If labs are like race cars, Charlie Boone drives a Lamborghini. Canada Research Chair in Proteomics, Bioinformatics and Functional Genomics at U of T, Dr. Boone works inside the award-winning tower of the Terrence Donnelly building.

Together with Brenda Andrews, chair of U of T's Banting and Best Department of Medical Research, they run one of the world's few systems-biology labs, tackling how life works at the molecular level.

But with flat funding to CIHR grants and no new money pledged to Genome Canada, the agency that routinely backs large-scale science, the Boone-Andrews labs - which support more than 50 staff - will run out of money in December.

"We have a fairly short time frame in which to come up with a solution," said Dr. Andrews.

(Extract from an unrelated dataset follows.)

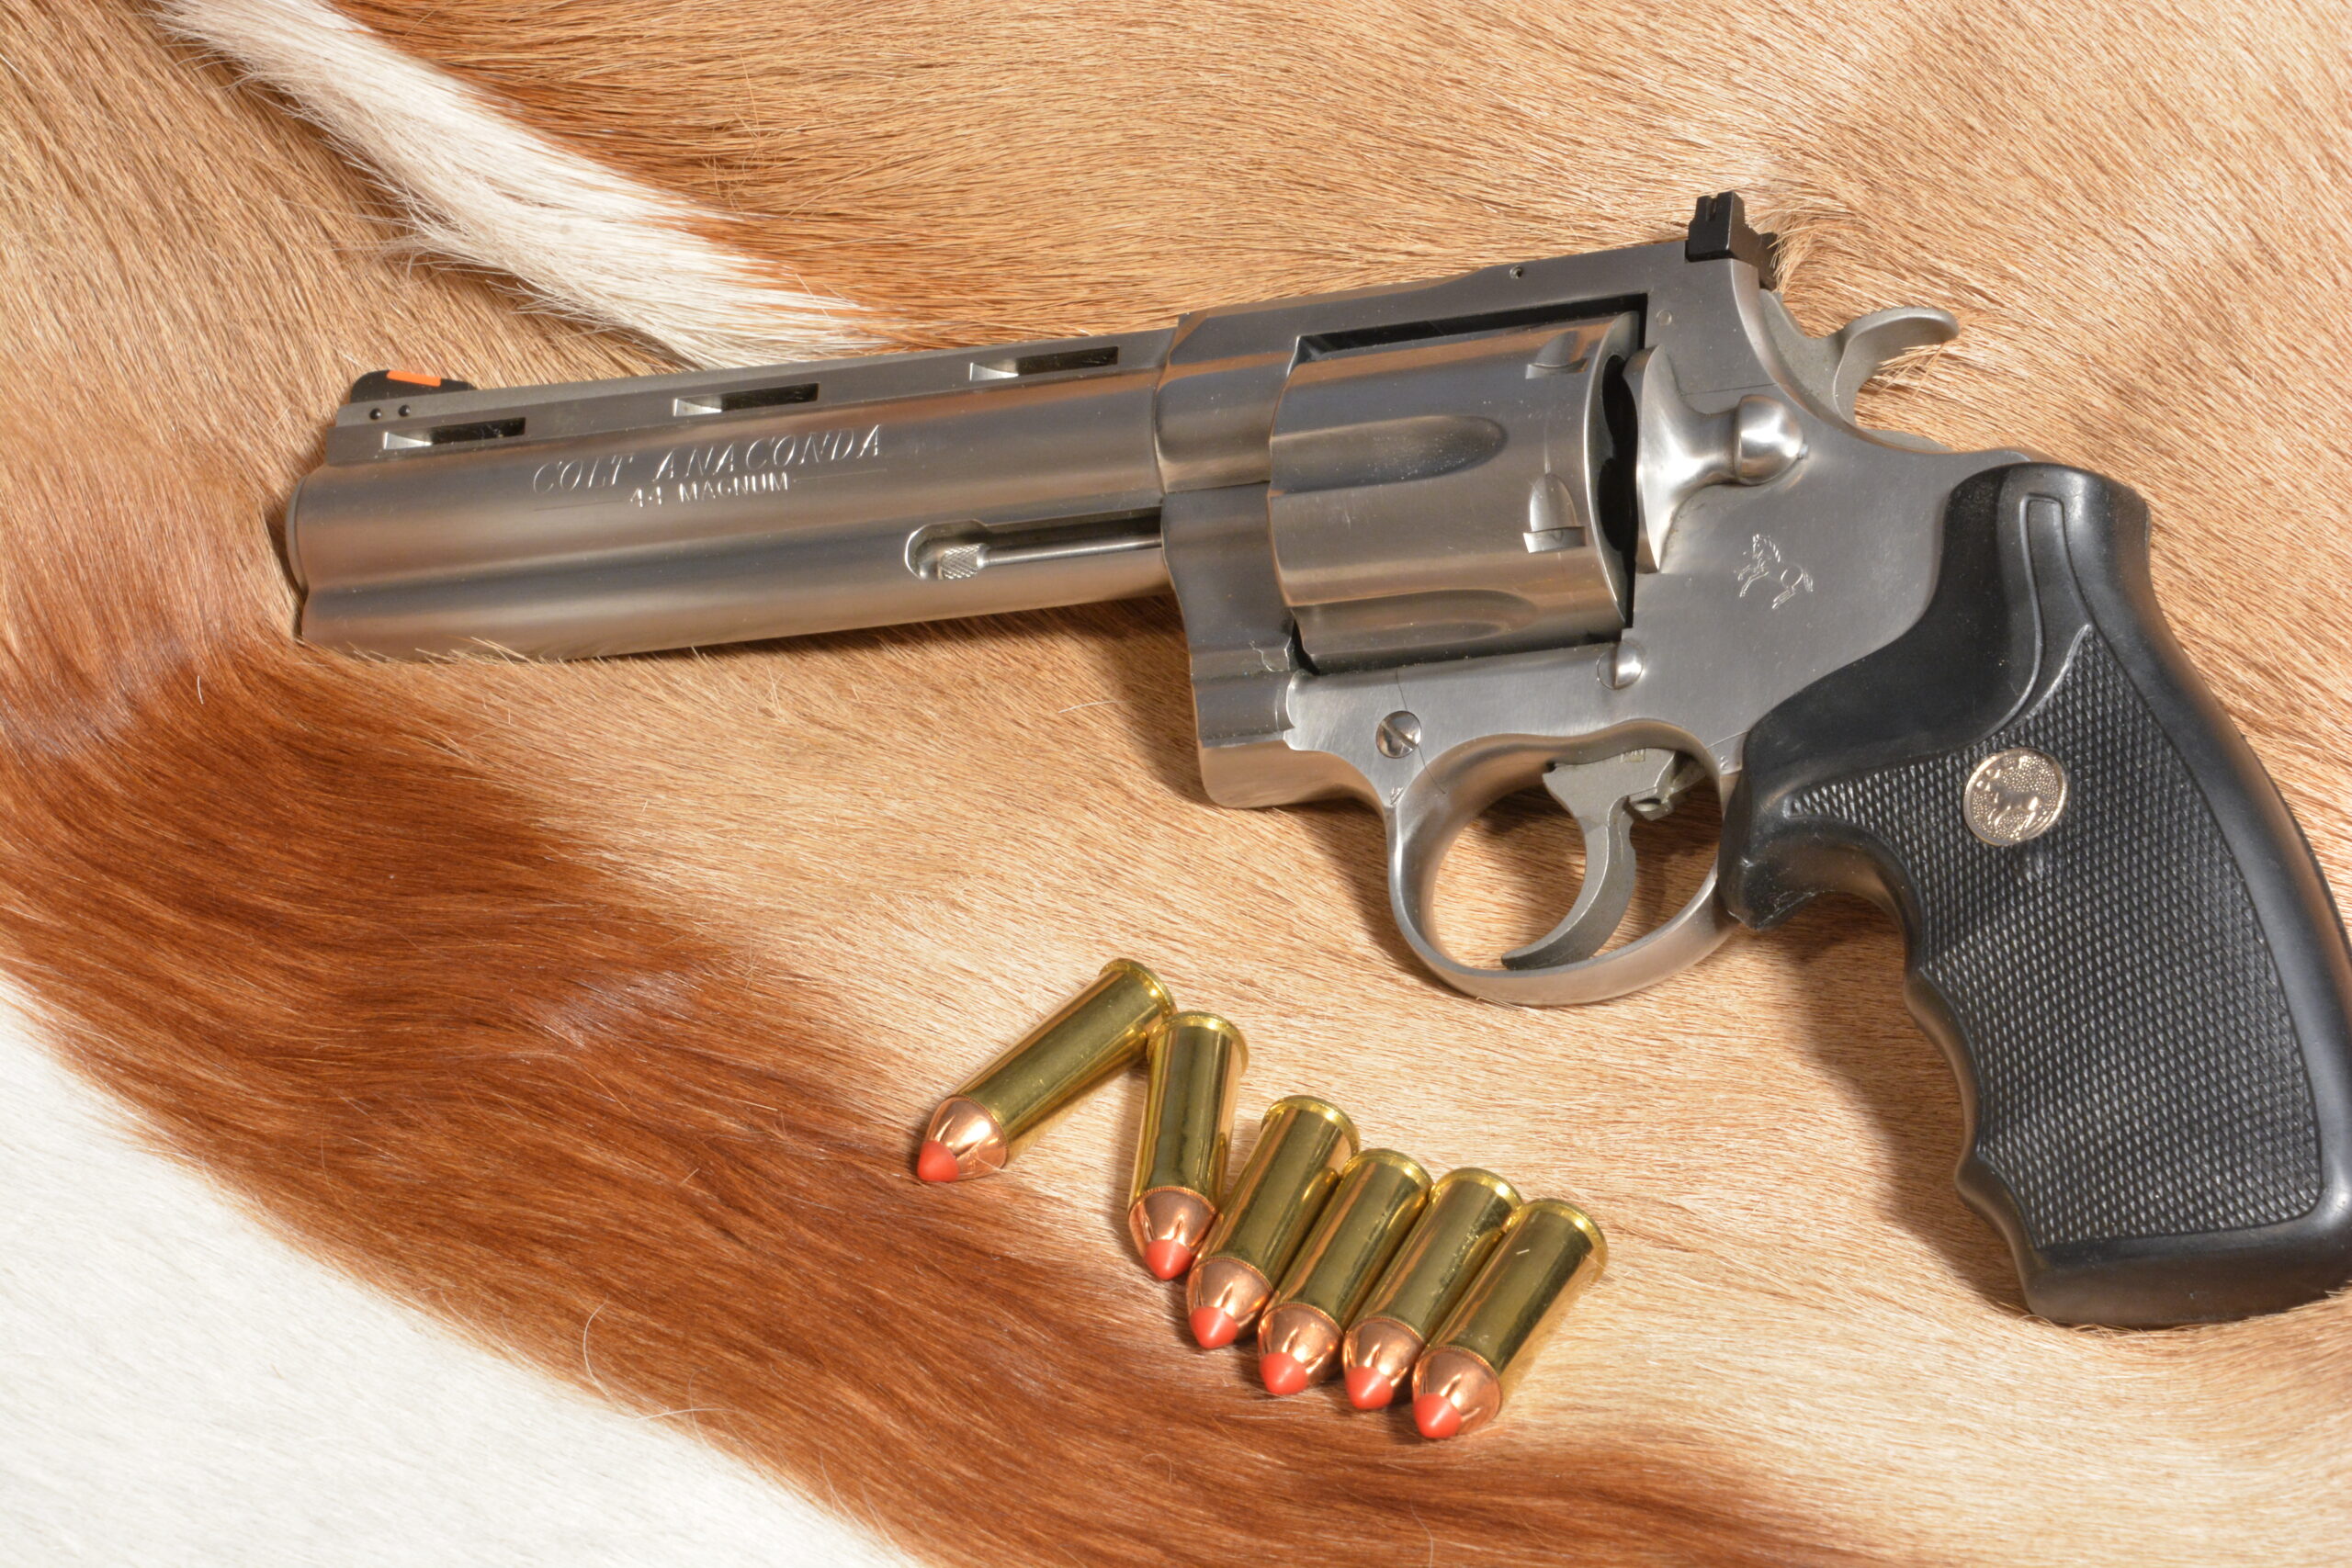 Colt Anaconda in .44 Magnum is our pick for best revolver.

"I think it's a fundamental philosophy of the Conservative government that they don't see the value in basic research," said Dr. Boone. "We'd like to stay in Canada," he adds, "but there's only two options: You stick it out and wait till the government changes or you go somewhere else."

CIHR president Alain Beaudet said he is "confident money will come in the future, when there is more economic certainty."

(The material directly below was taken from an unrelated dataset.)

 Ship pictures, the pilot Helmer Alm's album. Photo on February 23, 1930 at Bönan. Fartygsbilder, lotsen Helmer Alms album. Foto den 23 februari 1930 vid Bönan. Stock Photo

CAUT, however, is less confident. It was the position of researchers fretting for the future the lobby group hoped to represent at last week's meeting with Mr. Goodyear.

They had barely begun to state their case, Mr. Robinson said, when the minister accused them of twisting facts.

When CAUT staff said the Conservatives have a spotty record on science and noted they abolished the office of the national science adviser, Mr. Robinson said, the minister's assistant screamed at them to shut up.

"Then the minister said, 'You've burned all your bridges with us!' and they stormed out.

"In all the meetings I've been in like this, I've never been shouted at and told to shut up," Mr. Robinson said. The civil servant who escorted them to the elevator suggested it would not even be a good idea to return to the minister's office to collect their coats, he said. Instead, she retrieved them.